- **About this task**
Copy out the whole listing exactly as written, leaving the pictures behind.

- **Recorded information**
::::::::
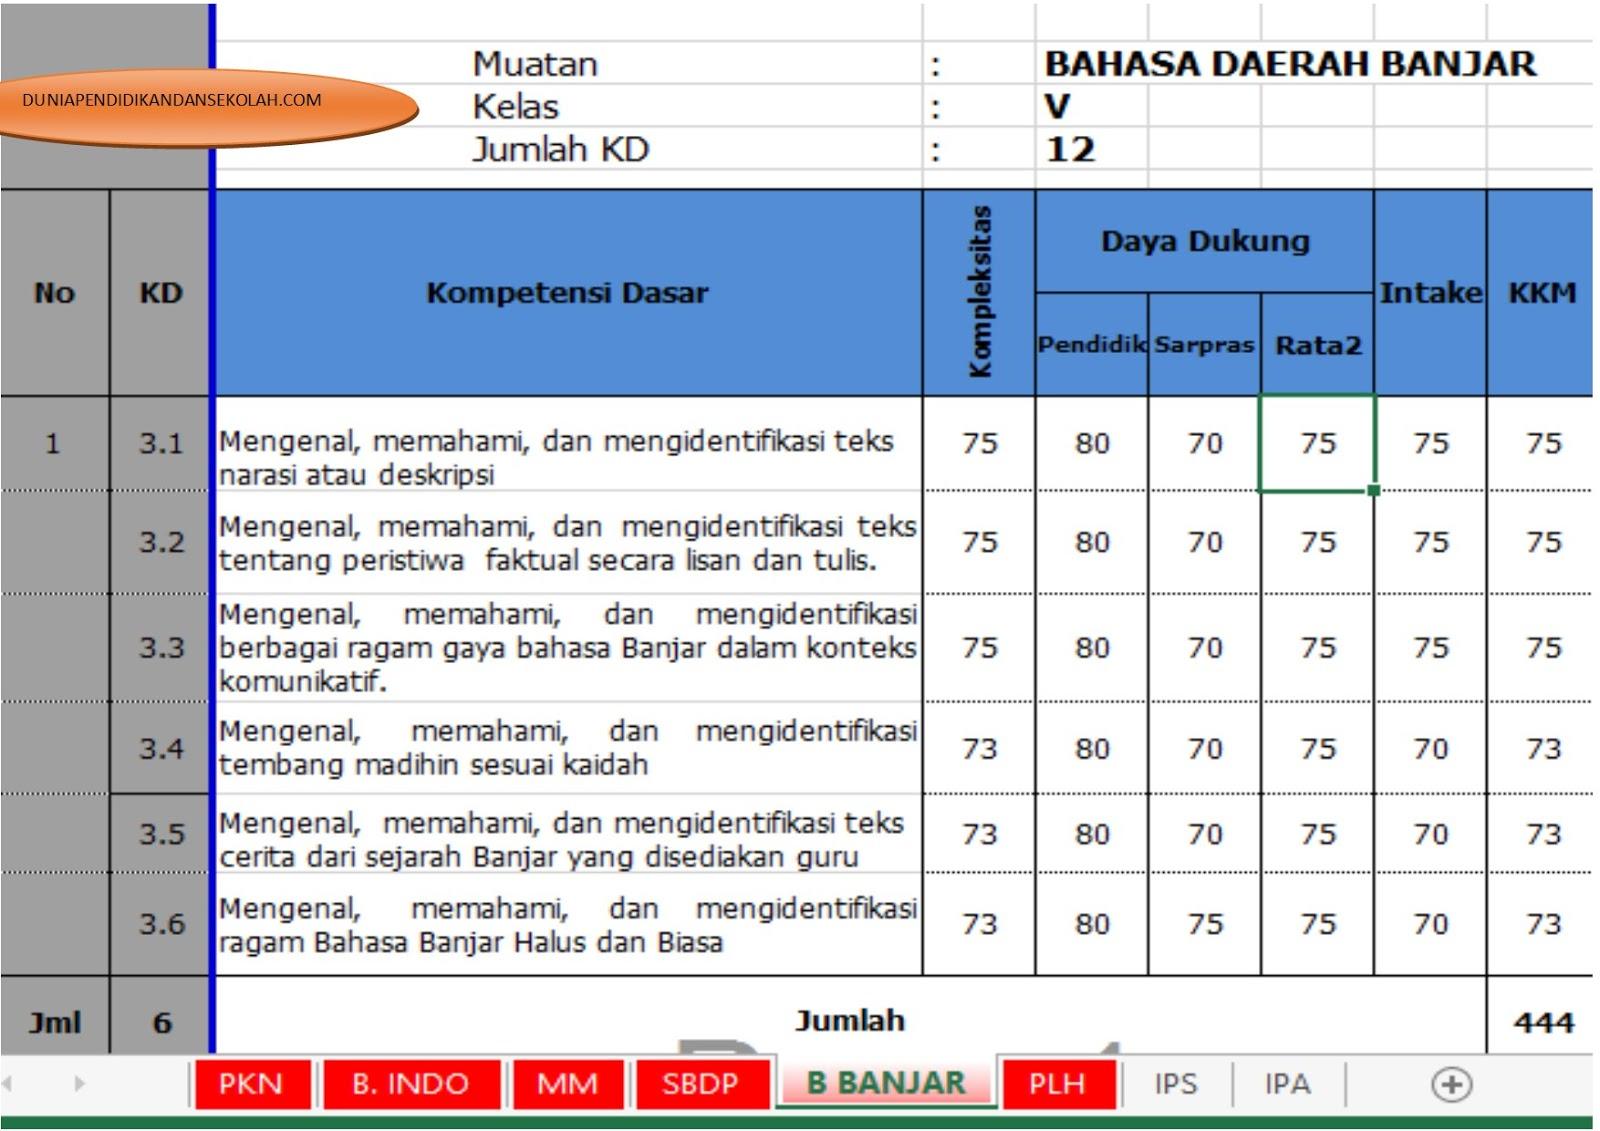 Download Contoh Kkm Untuk Kelas 5 Kurikulum 2013 Sesuai Revisi 2017 Dunia Pendidikan
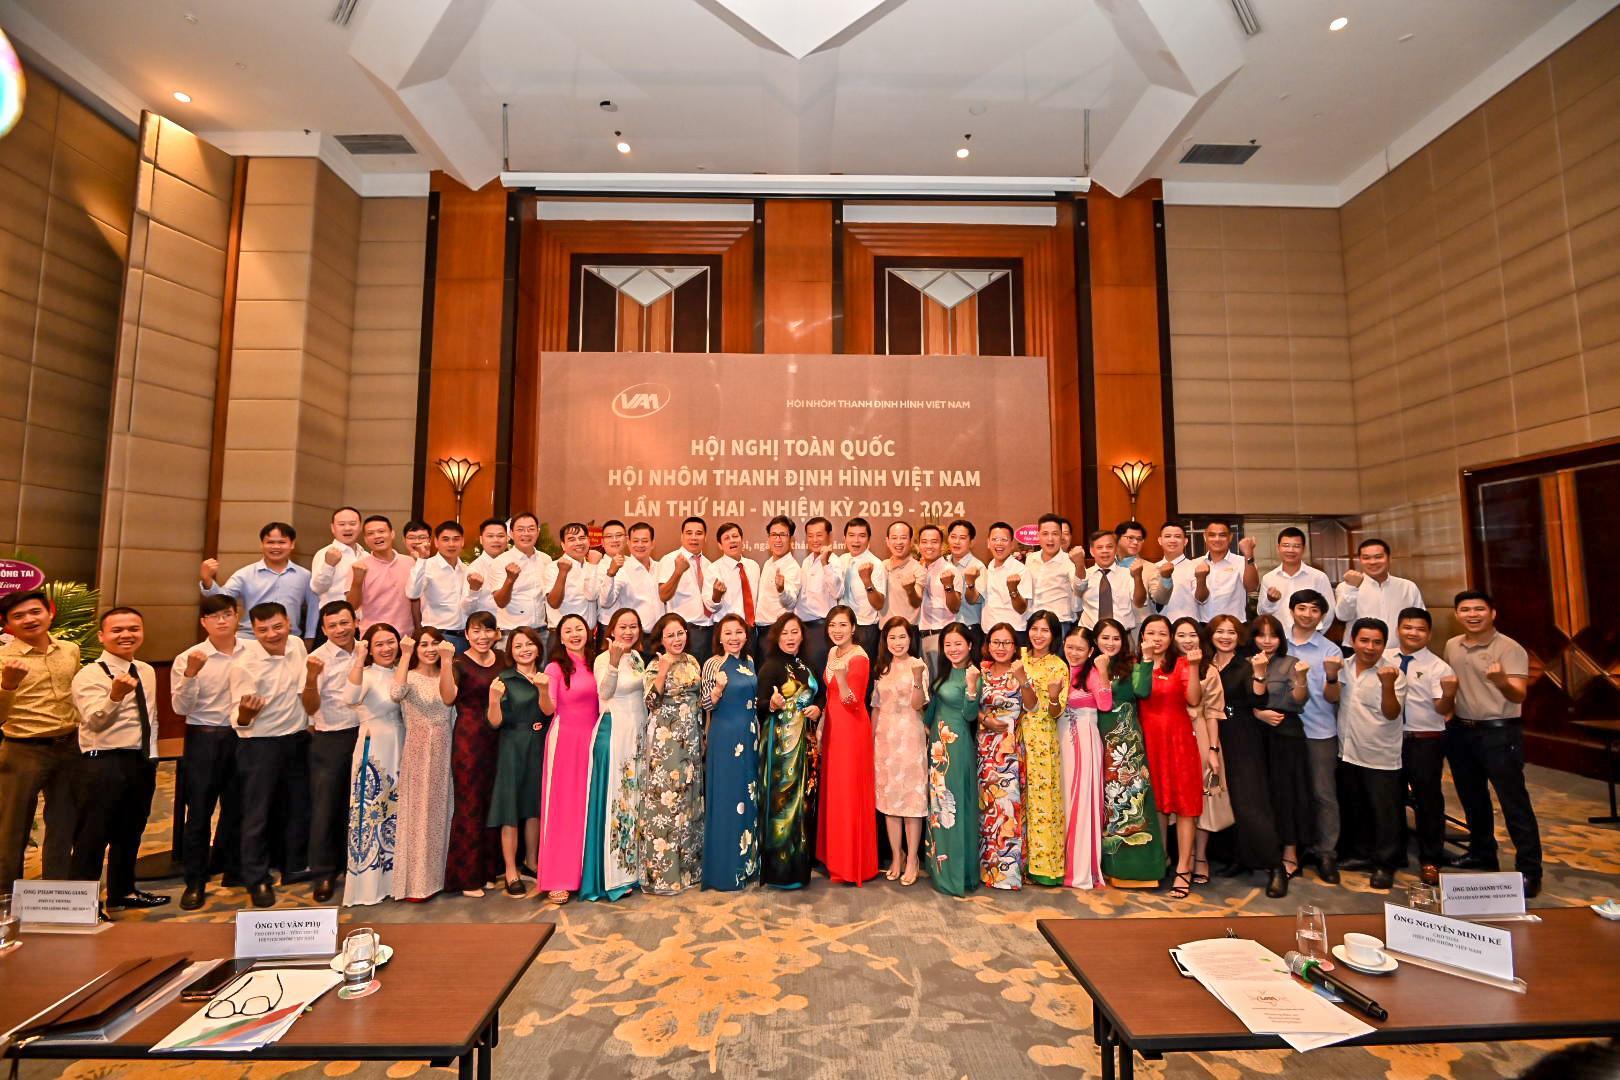 Hội nhôm thanh định hình Việt Nam hiện với 40 doanh nghiệp thành viên.
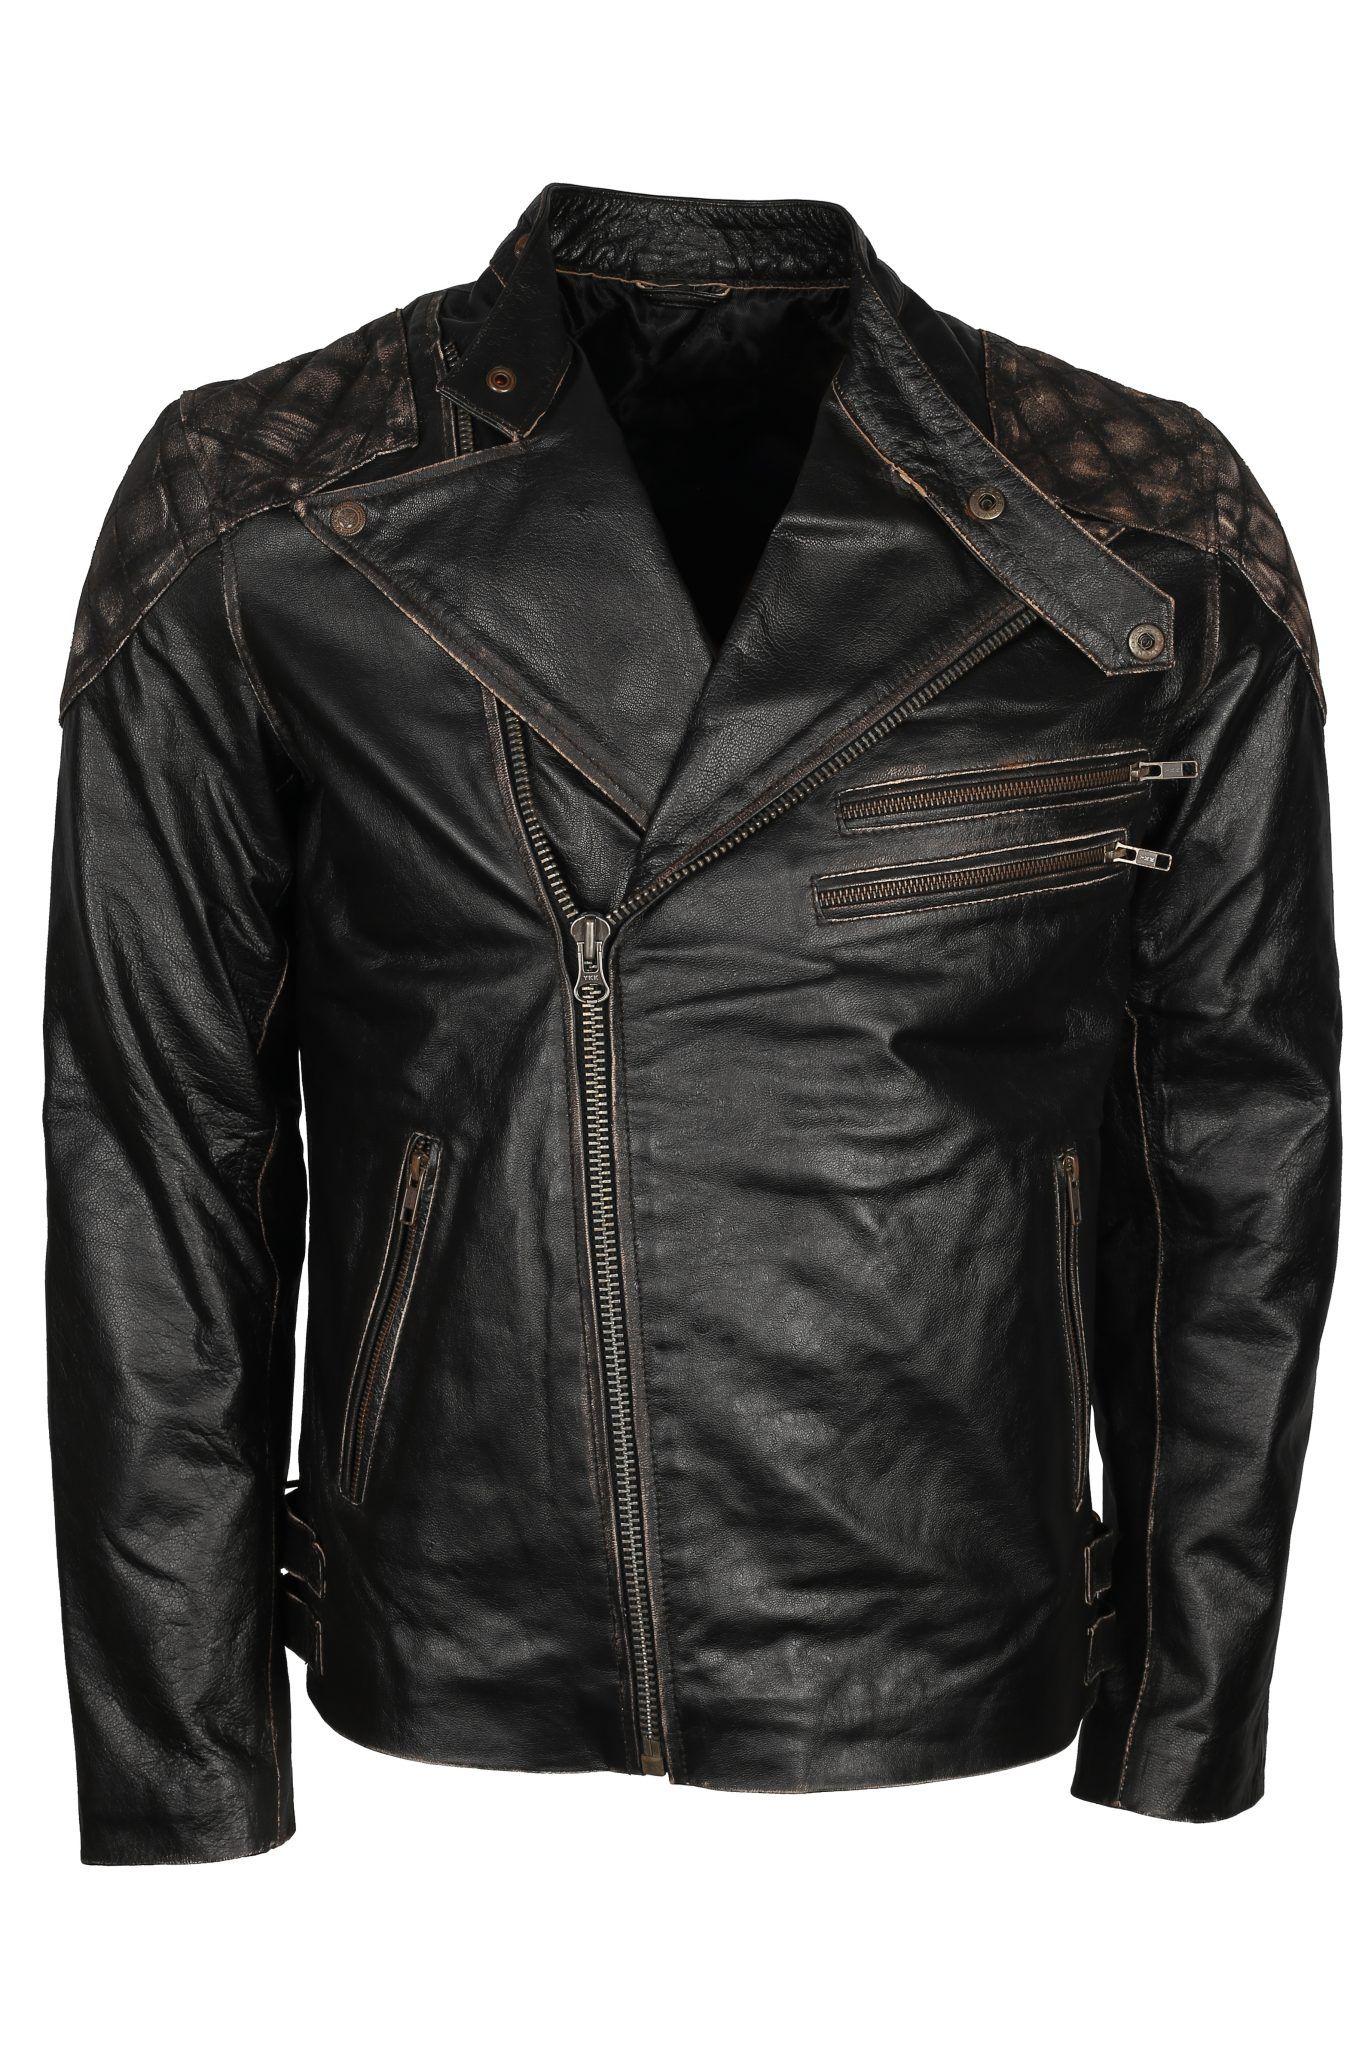 Skull Leather Jacket Mens Motorcycle Punisher Leather Jacket [ 2048 x 1365 Pixel ]
::::::::
- **Answer to the exercise**
 Download Contoh Kkm Untuk Kelas 5 Kurikulum 2013 Sesuai Revisi 2017 Dunia Pendidikan
 Hội nhôm thanh định hình Việt Nam hiện với 40 doanh nghiệp thành viên.
 Skull Leather Jacket Mens Motorcycle Punisher Leather Jacket [ 2048 x 1365 Pixel ]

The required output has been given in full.